Monday, February 12, 2024

Life. Toilet tanks. All of it.

Last Thursday I noticed that the toilet was running all the time. You could see the water moving in the toilet bowl day and night. I stopped at the hardware store and bought a new flapper -- the easiest of all possible things to change, but this didn't help. It got worse. Over the next few days I half-heartedly Googled how to fix a running toilet, clicked on a couple of links and stopped reading at "replace the filler valve."  Mostly I stayed far enough way from the bathroom (except when necessary) to not hear the water run, the water bill inching upward. 

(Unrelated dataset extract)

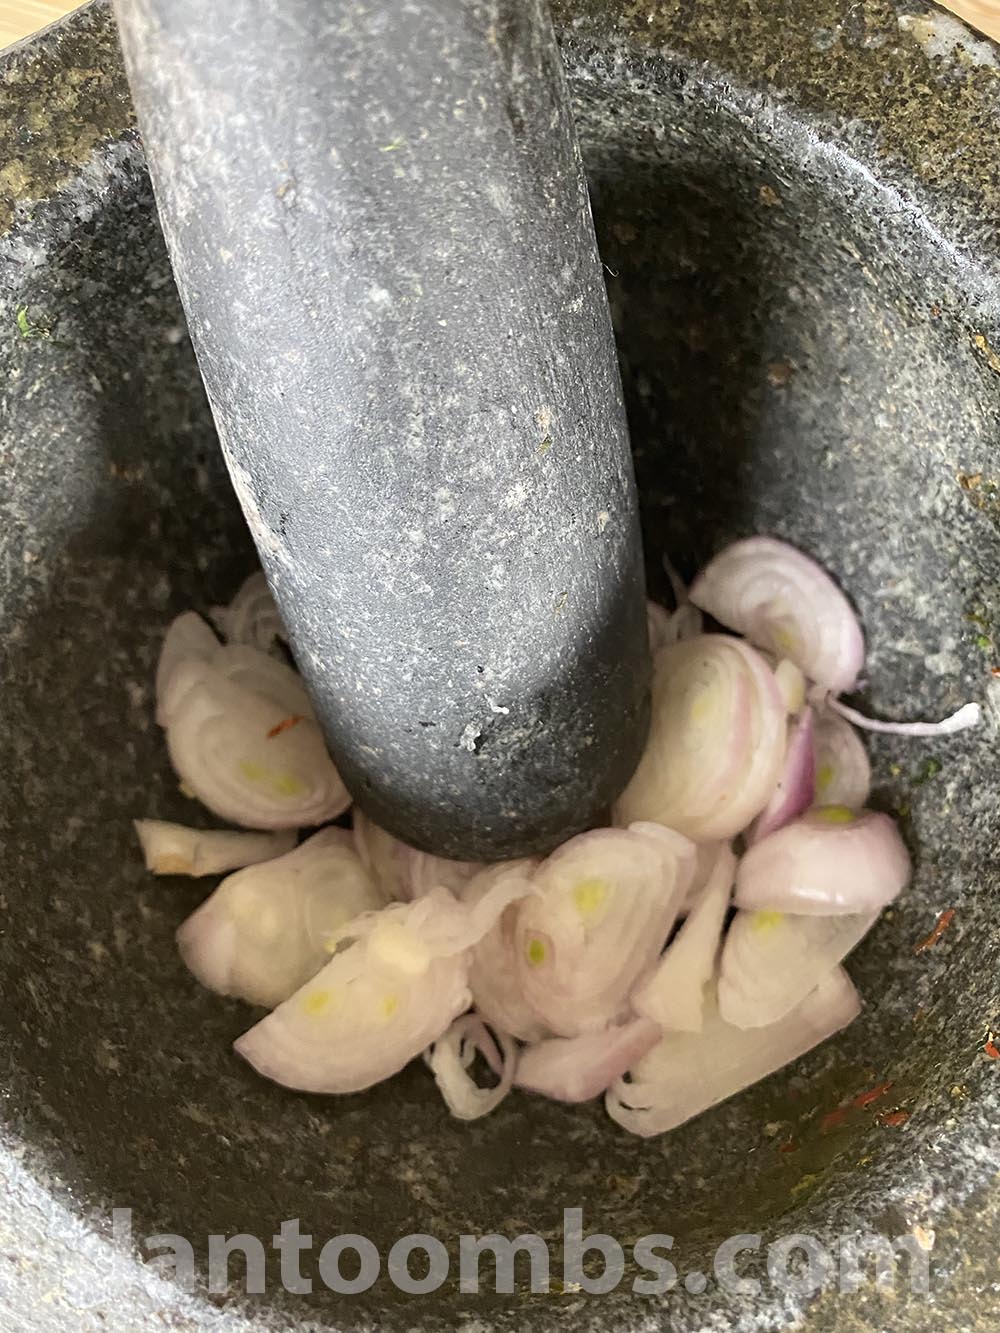 pounding shallots in mortar

And all the time I whined. Not out loud, but in my head to myself alone. Someone has to fix the toilet. Why does that someone have to be me? It's too piddling a job to pay a plumber to make a house call. Why me? 

Twenty years ago I'd have sailed right in and done the job, because, well, who else was going to do it? My sainted husband could fix a sentence, but did not have fix-it skills for concrete objects. Back in the day, more than once, I set out to fix something or install something and would get partway through and then have to call my brother-in-law for help. The instructions made sense to me, but there would be a screw I couldn't loosen or something inside the wall that didn't look the picture in the handy home repair book. I probably should not have even tried to set a new toilet in the wax ring on the bathroom floor all by myself. 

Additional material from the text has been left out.